Member of the Queensland Legislative Assembly for Wynnum
- In office 2 April 1938 – 15 April 1944
- Preceded by: John Donnelly
- Succeeded by: Bill Gunn

Personal details
- Born: William Logan Dart 25 August 1877 Brisbane, Queensland, Australia
- Died: 17 January 1969 (aged 91) Wynnum, Queensland, Australia
- Party: United Australia Party
- Spouse: Edith Maud Nielsen ​(m. 1907)​
- Occupation: Farmer

= Bill Dart =

Australian politician (1877–1969)

William Logan Dart (25 August 1877 – 17 January 1969) was an Australian politician and farmer who served as a member of the Queensland Legislative Assembly from 1938 to 1944.

==Biography==
Dart was born at Brisbane, Queensland, the son of the John Dart and his wife Maria Jane (née Logan). He was educated at Brisbane Central State School and in 1893 moved to Forest Hill where, along with his brother, he took up a selection. He later acquired an additional 180 acres where he became one of the leading growers of lucerne in the state. It was also later used as his homestead after his marriage.

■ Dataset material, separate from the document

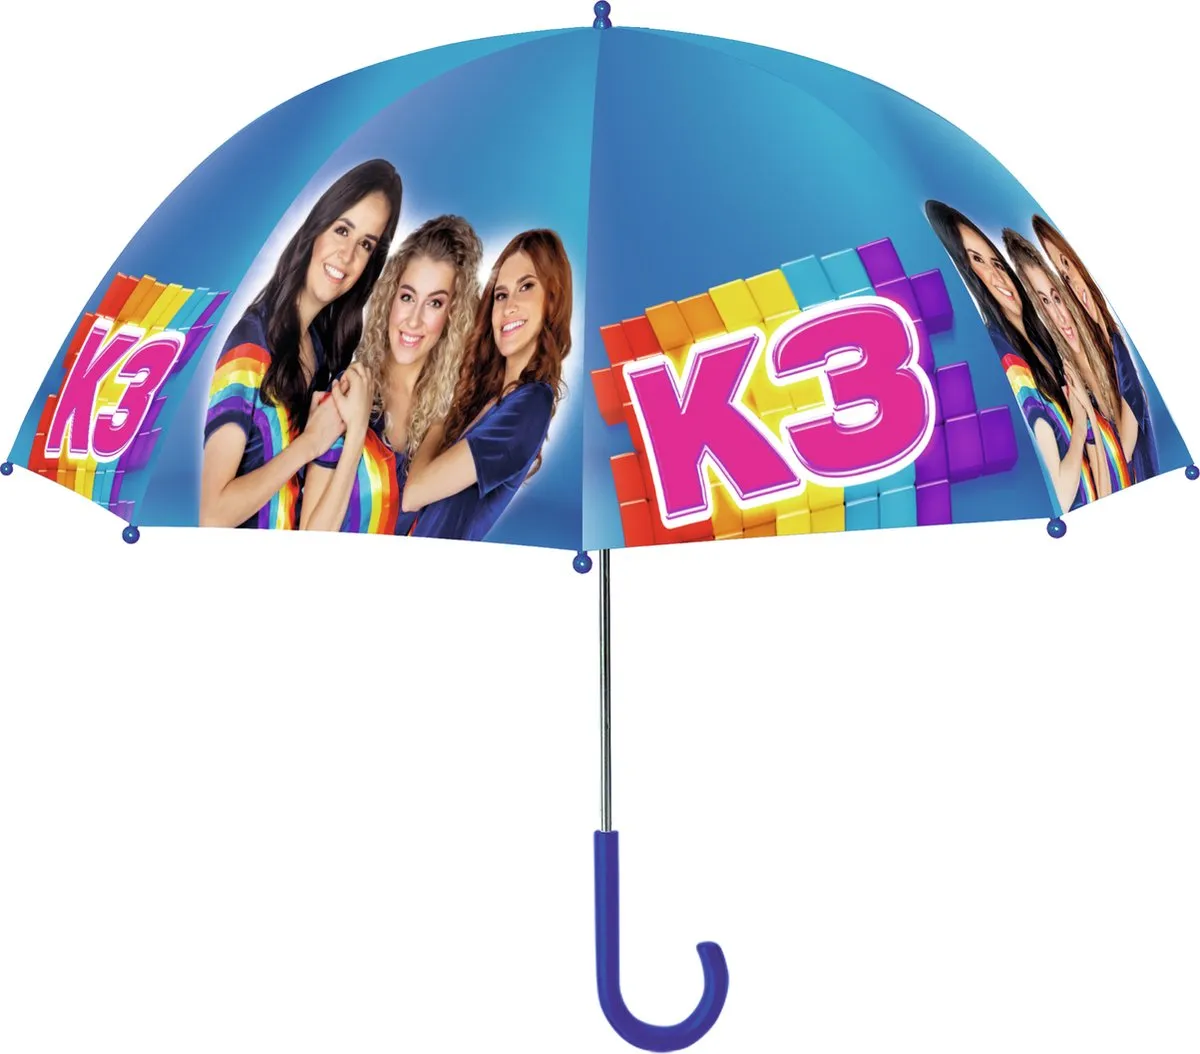 K3 Paraplu - Donkerblauwe regenboog paraplu speelgoed
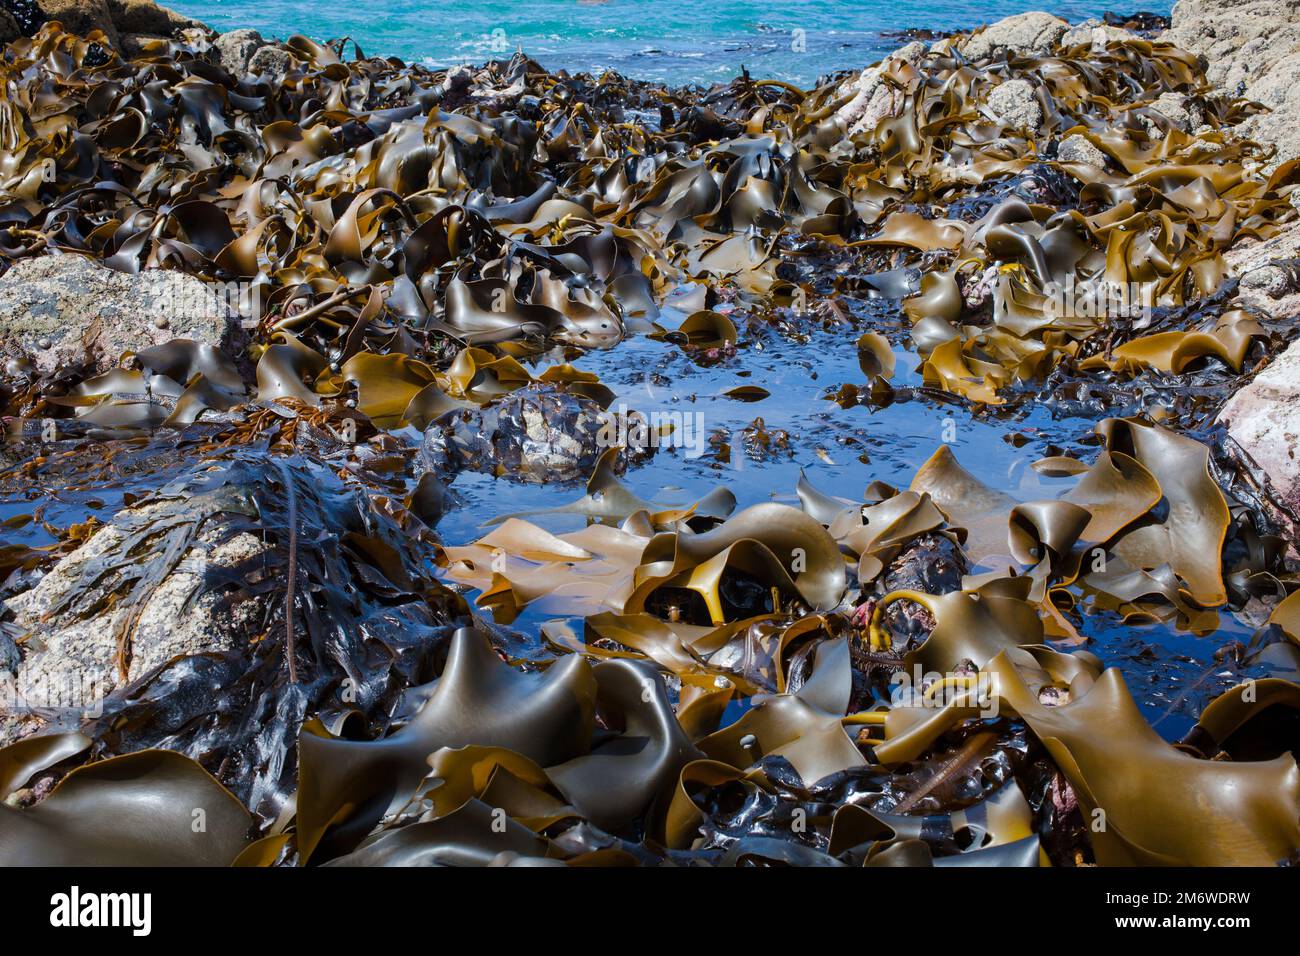 Un regard sur la vie en Nouvelle-Zélande : fruits de mer abondants, algues comestibles et coquillages sur une côte rocheuse. (Undaria; Kelp de taureau; Kelp de vessie; moules). Banque D'Images

On 21 August 1907, Dart married Edith Maude Nielsen (died 1991, aged 104) and together had two sons and two daughters. Dart died at Wynnum in January 1969 and was cremated at the Mt Thompson Crematorium.

==Public life==
Dart was elected to the Tarampa Shire Council in 1903 and was the town chairman in 1911 when there was a change of shire boundaries and he was then elected as a councilor to the Shire of Laidley. He remained a councilor there until 1921 when he moved to Wynnum and became a real estate agent. He was soon elected to the Wynnum Town Council and on the creation of the Greater City of Brisbane became the first member for the ward of Wynnum. He was the member until shortly after winning election to the Queensland Parliament.

At the 1938 Queensland state election, Dart, representing the United Australia Party, won the seat of Wynnum, defeating the sitting member, John Donnelly. He held the seat until 1944 when, by then standing as an Independent, he lost to Bill Gunn of the Labor Party.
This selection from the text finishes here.